While the approach of Pasewaldt and Reiter allows users to create their own art, the app of Jelena Milovanovic, Miljan Stevanović, and Petar Pejic acts as explanatory tool for the internal processes of an artist. Given two input images, the researchers extract the style from the first and the content from the second image using deep neural networks. A second machine learning technique then applies the extracted style to the found content and thus renders the second input image in the style of the first one. Finally, an augmented reality app realises the explanatory part: the user can move a smartphone towards or away from an installed image showing only the content, i.e. the second input image. The further the user moves the smartphone away, the more the style of the first input image takes over. Therefore, by starting at a distance and moving the device towards the image, the stylised image slowly restores to its original form, which demystifies the artist’s perception.

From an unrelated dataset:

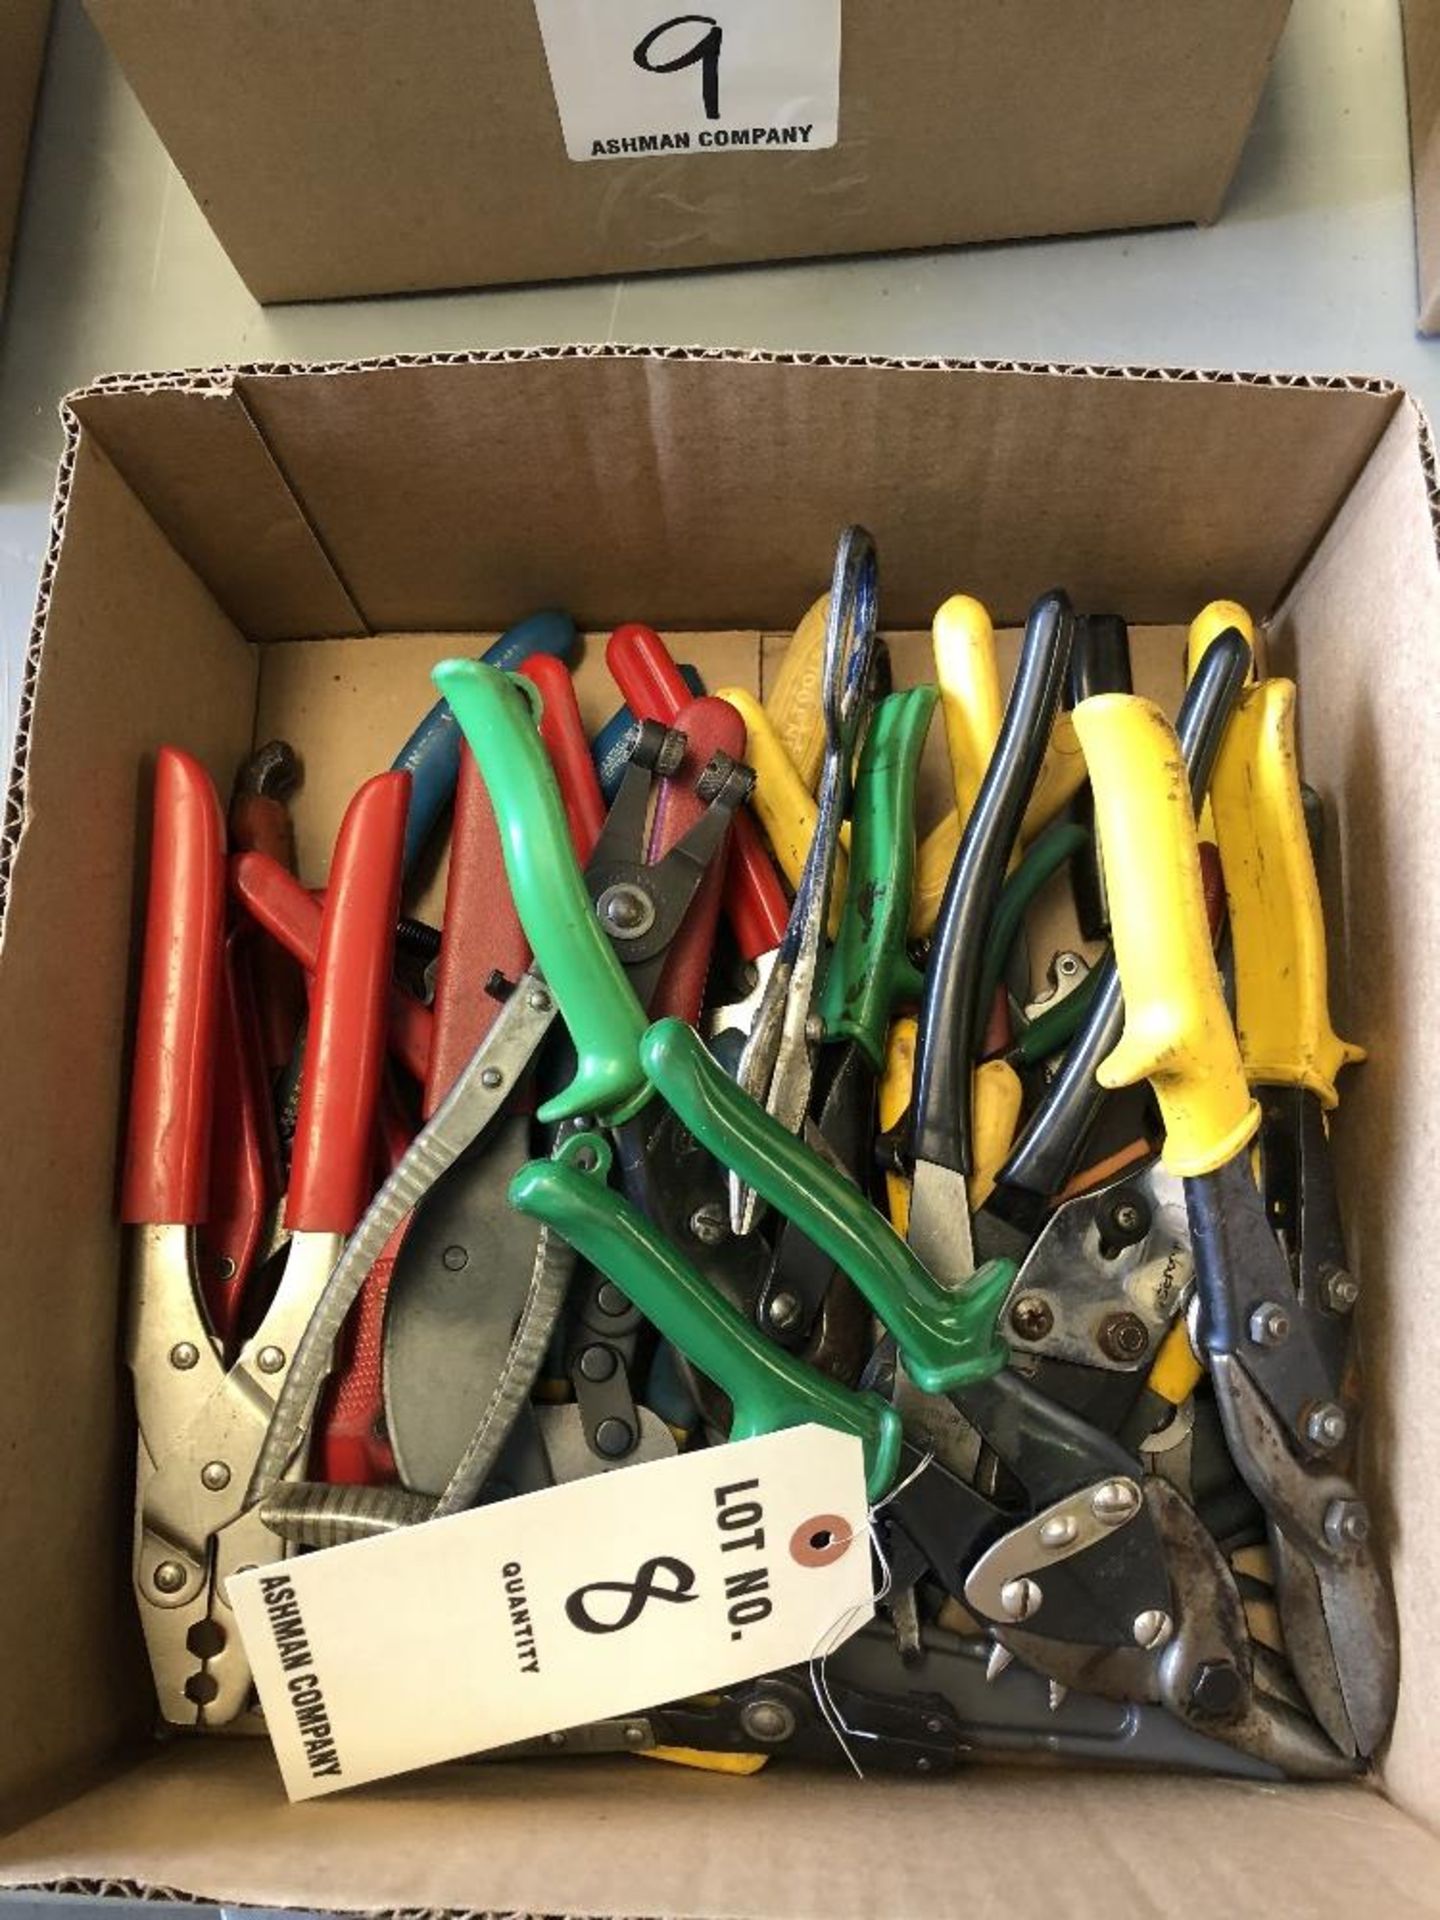 (LOT) MISCELLANEOUS WIRE CUTTERS, SNIPPERS

The artist and researcher Martin Pham tackles a problem more complex than transferring a certain style to a single image. He creates videos of mathematical objects and applies artificial neural networks to alter these, image by image. It is a challenging problem, because the neural network does not know the next still in the video when altering a previous one. However, Pham found that applying style transfer to fractal images – self-repeating mathematical structures – indeed gives a coherent result throughout the whole video. He suspects that it has to do with the self-replicating nature of fractal geometries. It seems to guide the artificial intelligence in such a way that it applies the same style to roughly the same features of the image, thereby making the video consistent. His work shows the complex interplay between the input imagery and the artificial intelligence augmentations performed on it.

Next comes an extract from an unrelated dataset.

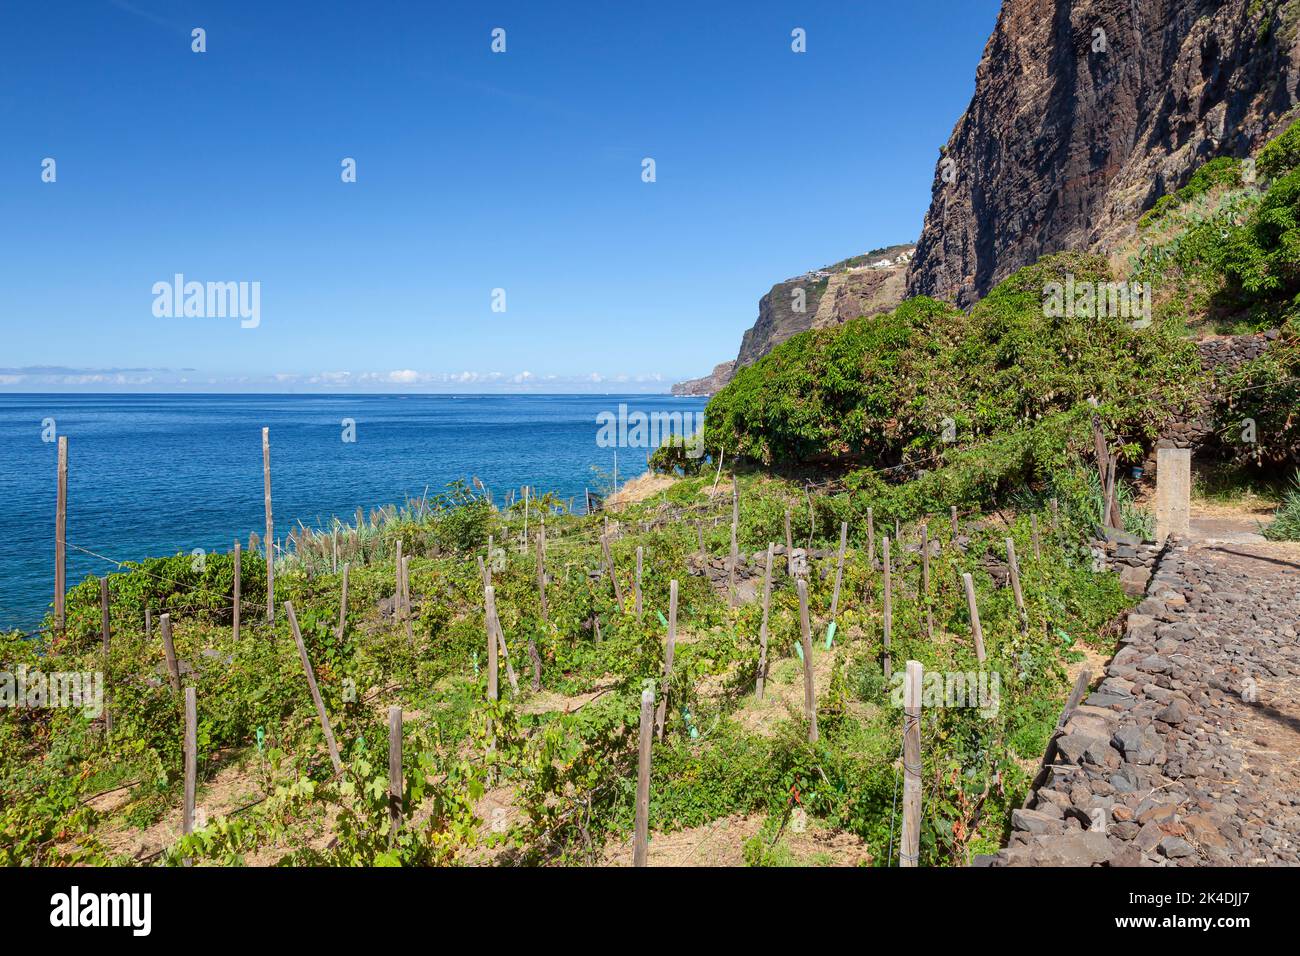 Bunches of grapes in the wine and fruit growing area of Fajã dos Padres, Madeira, Portugal, Europe Stock Photo

Picasso said, “Computers are useless, they can only give answers.” The workshop AI and Arts showed that computers offer much more. They are tools and inspiration. They take the artist on a journey while the artist provides them with data.
The interest in computer-generated art is enormous. More and more artists generate works of art using artificial intelligence. Recently, these works began to pay off for their creators. For instance, the auction house Christie’s sold an artwork created by artificial intelligence for $432,500 during an auction in October 2018. Despite other interesting and inspiring workshops at KI 2019, the Heise online magazine reported on the AI and Arts workshop sparking several comments on creativity and creation.
Finally, the workshop gave academics and artists working in the field of AI a platform to meet and discuss their work as well as to give each other feedback. While the presented workshop – the first of its kind in Germany – could only give a small impression of this buzzing field, follow-up workshops will certainly continue to elucidate the intricate interplay of AI and arts and thereby open new cross-disciplinary horizons.
Picture above the text: Martin Pham: Mandelbrot / Momentarily II (2019). Photo: Martin Pham.
 Notable developments include e.g. the TensorFlow machine learning library. Google published it under the Apache-2.0-OpenSource license; see https://www.tensorflow.org. A very accessible webpage to start with first experiments involving artificial intelligence is the Neural Network Playground, which uses TensorFlow internally. At https://playground.tensorflow.org, everyone can quickly play with the powerful library.
 See https://aiartists.org for a compilation on “the impact of AI on art, culture, and society.”
 For more information on the conference, see www.ki2019.de. For the workshop programme, see https://www.ki2019.de/events/. For more information on the workshop, see https://page.mi.fu-berlin.de/mskrodzki/aaa/.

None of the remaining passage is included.